To pursue a class action, the potential class must prove, among other things, that questions of law or fact are common to the class (i.e, the commonality requirement). Commonality, however, isn’t as simple as it seems. Just because all women have gender discrimination claims against Wal-Mart doesn’t mean that the commonality requirement is met. Rather, the question to ask is whether there are “common answers apt to drive resolution of the litigation. That is, have all class members suffered the same injury?

To prove common injury, the Wal-Mart plaintiffs presented statistical evidence about pay and promotion disparities between men and women at the company. However, the Court brushed this aside as too amorphous and, instead, focused on the more fundamental concept of whether it was conceivably possible that (literally) millions of employment decisions at Wal-Marts around the country share the same nucleus of facts and circumstances. In doing so, the Court found that the class had failed to present “significant proof” that Wal-Mart “operated under a general policy of discrimination.”

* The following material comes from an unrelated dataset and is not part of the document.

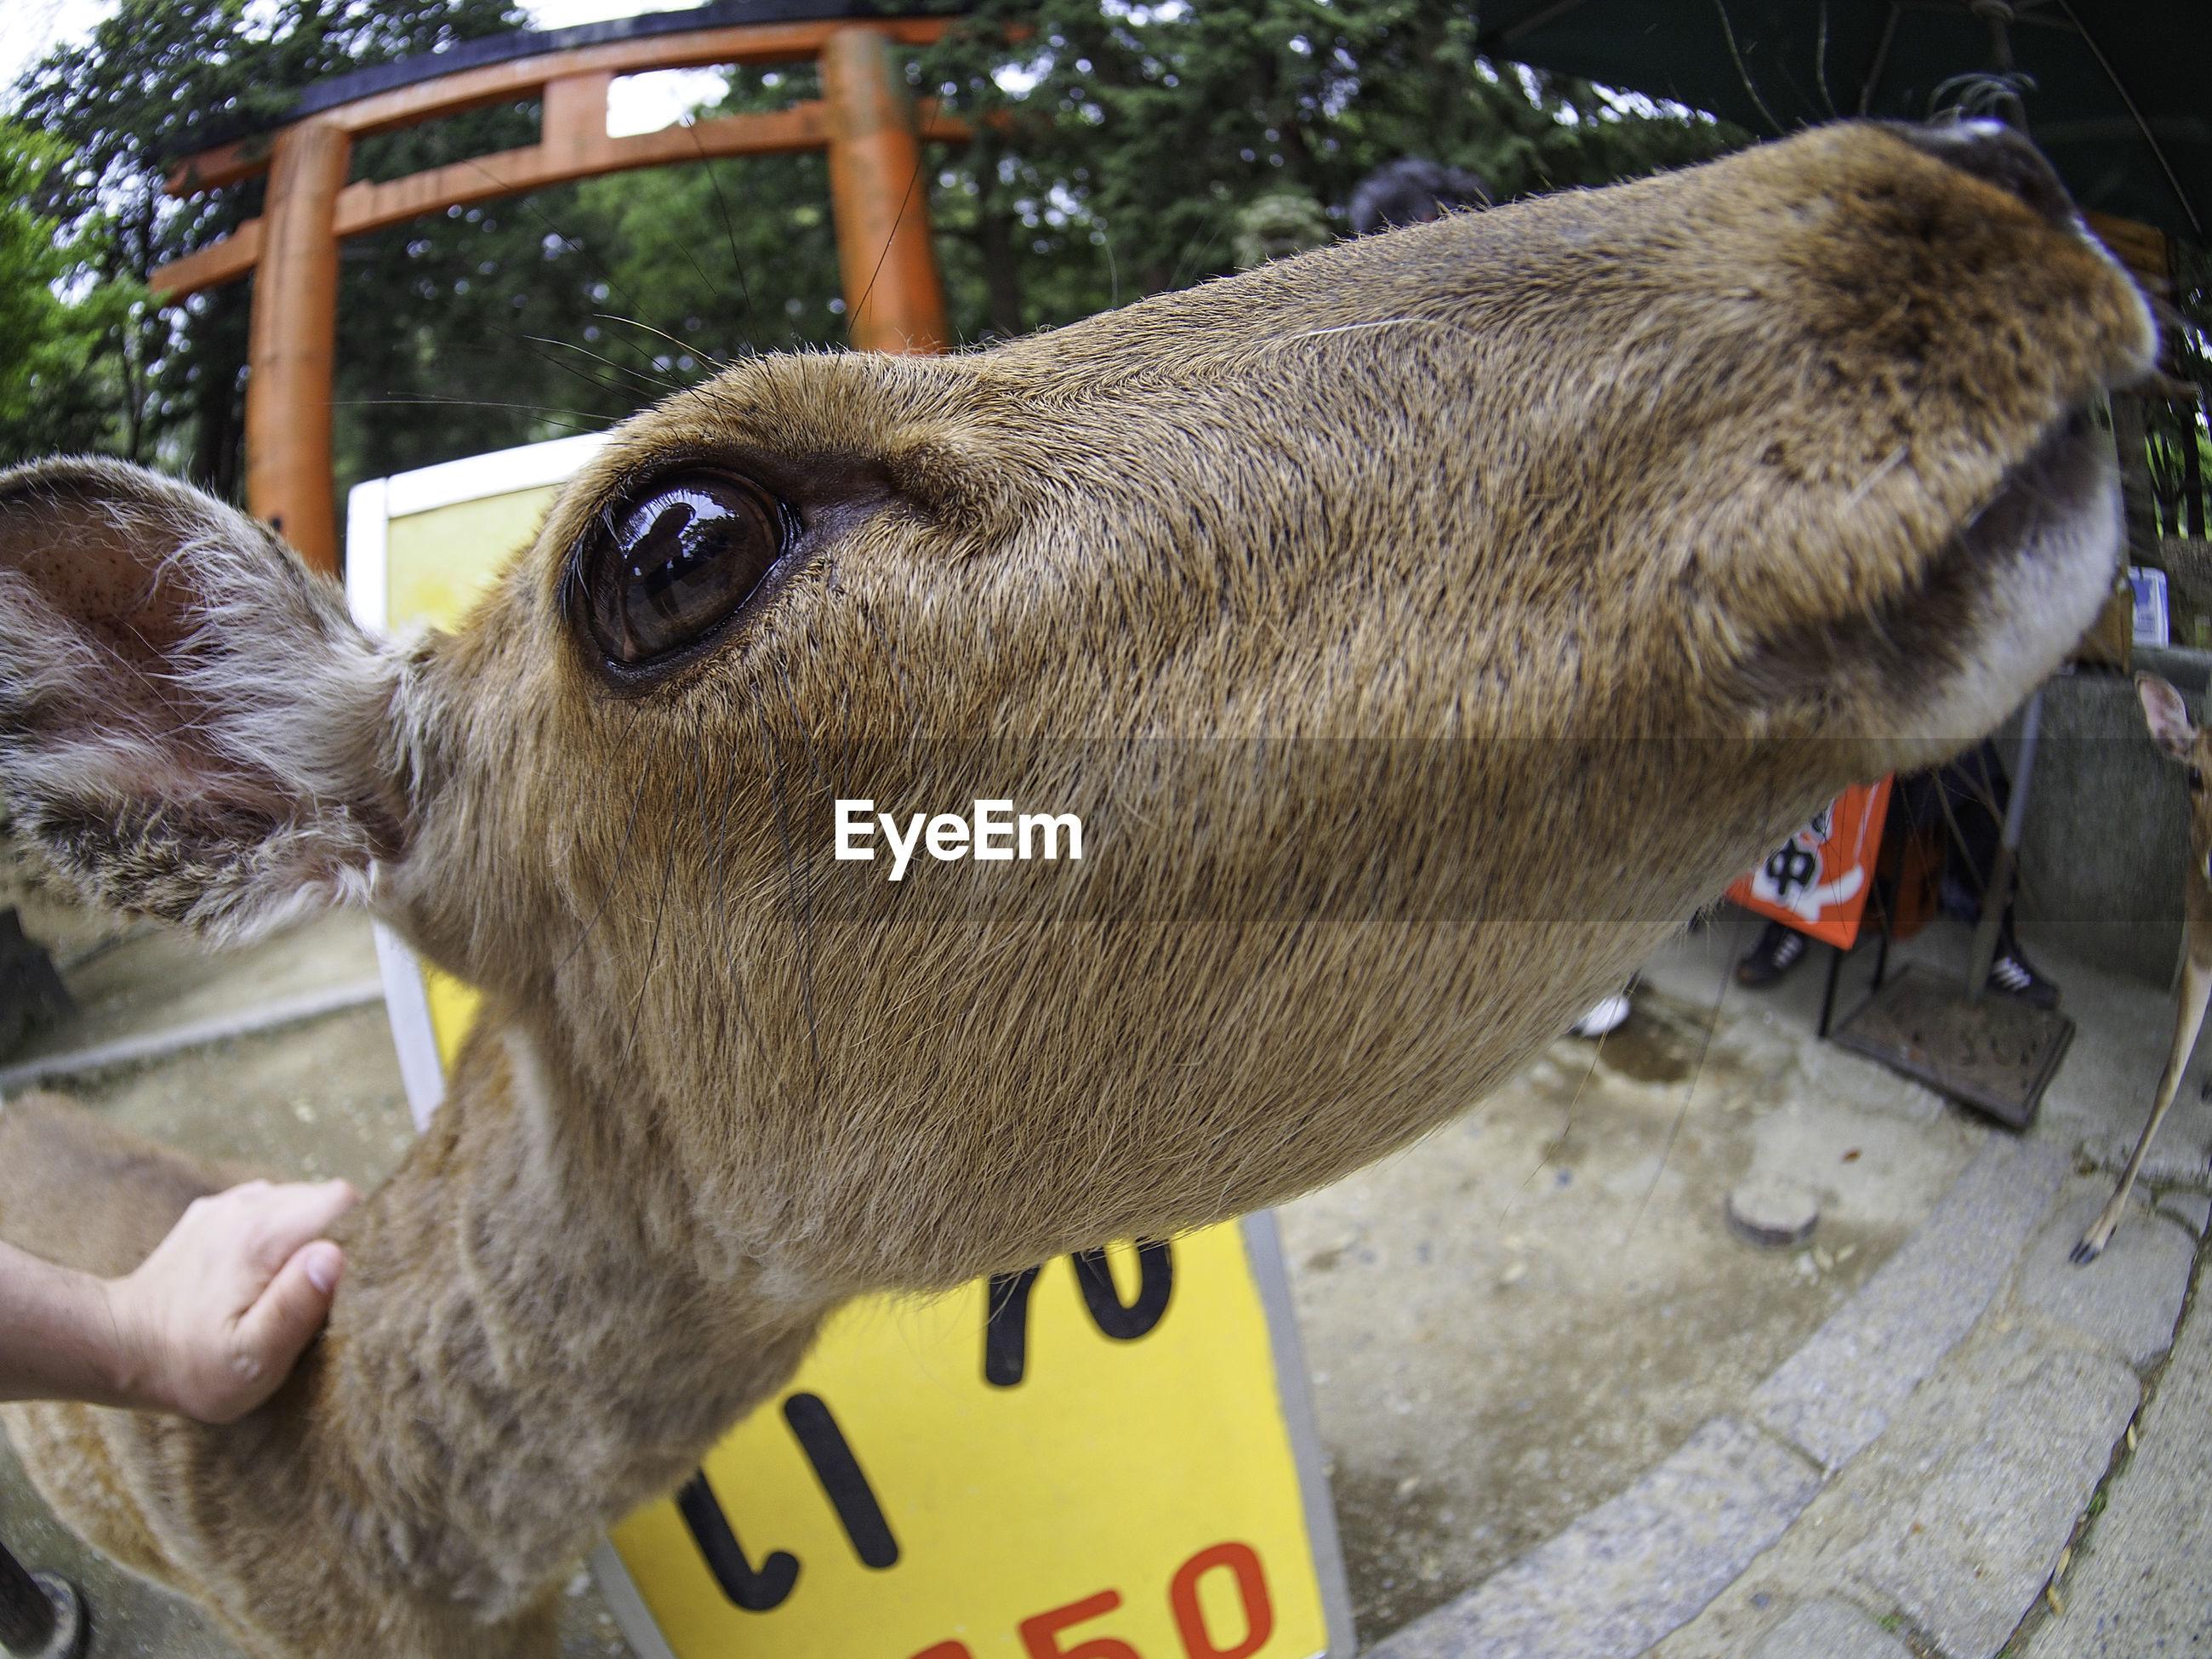 Fish-eye lens view of deer

As to there being a corporate culture of discrimination against women, the Court did not see how that was possible in a company the size of Wal-Mart:

The only corporate policy that the plaintiffs’ evidence convincingly establishes is Wal-Mart’s “policy” of allowing discretion by local supervisors over employment matters. On its face, of course, that is just the opposite of a uniform employment practice that would provide the commonality needed for a class action; it is a policy against having uniform employment practices. It is also a very common and presumptively reasonable way of doing business–one that we have said “should itself raise no inference of discriminatory conduct.”

With the plaintiffs unable to identify a “common mode or exercising discretion that pervades the entire company,” they could not meet the commonality requirement. Therefore, the Supreme Court held that the class could not be certified.

So what now?

  • Wal-Mart is not off the hook. Just because the women can’t pursue their claims as a class doesn’t mean they can’t pursue their claims. As noted above, the Supreme Court only ruled on class certification. The Supreme Court never reached the merits of the underlying gender-discrimination claims.
  • Smaller class actions? Given that larger class actions may not be feasible given issues of common injury, expect to see more smaller class actions or individual lawsuits. While each individual lawsuit from a smaller class or individual won’t possibly have the same financial effect on an employer, as if brought by a much larger class, keep in mind that plaintiffs recover attorney’s fees if they win. 10 lawsuits may lead to 10 attorney’s fee awards. Plus the cost of defending 10 lawsuits may dwarf the cost of defending one big lawsuit. Death by a million papercuts, anyone?
  • Smaller companies are not in the clear. It’s all about economies of scale. As Jon Hyman pointed out earlier this month at the Ohio Employer’s Law Blog, smaller companies may still face “bet the company” risk if faced with a class-action lawsuit.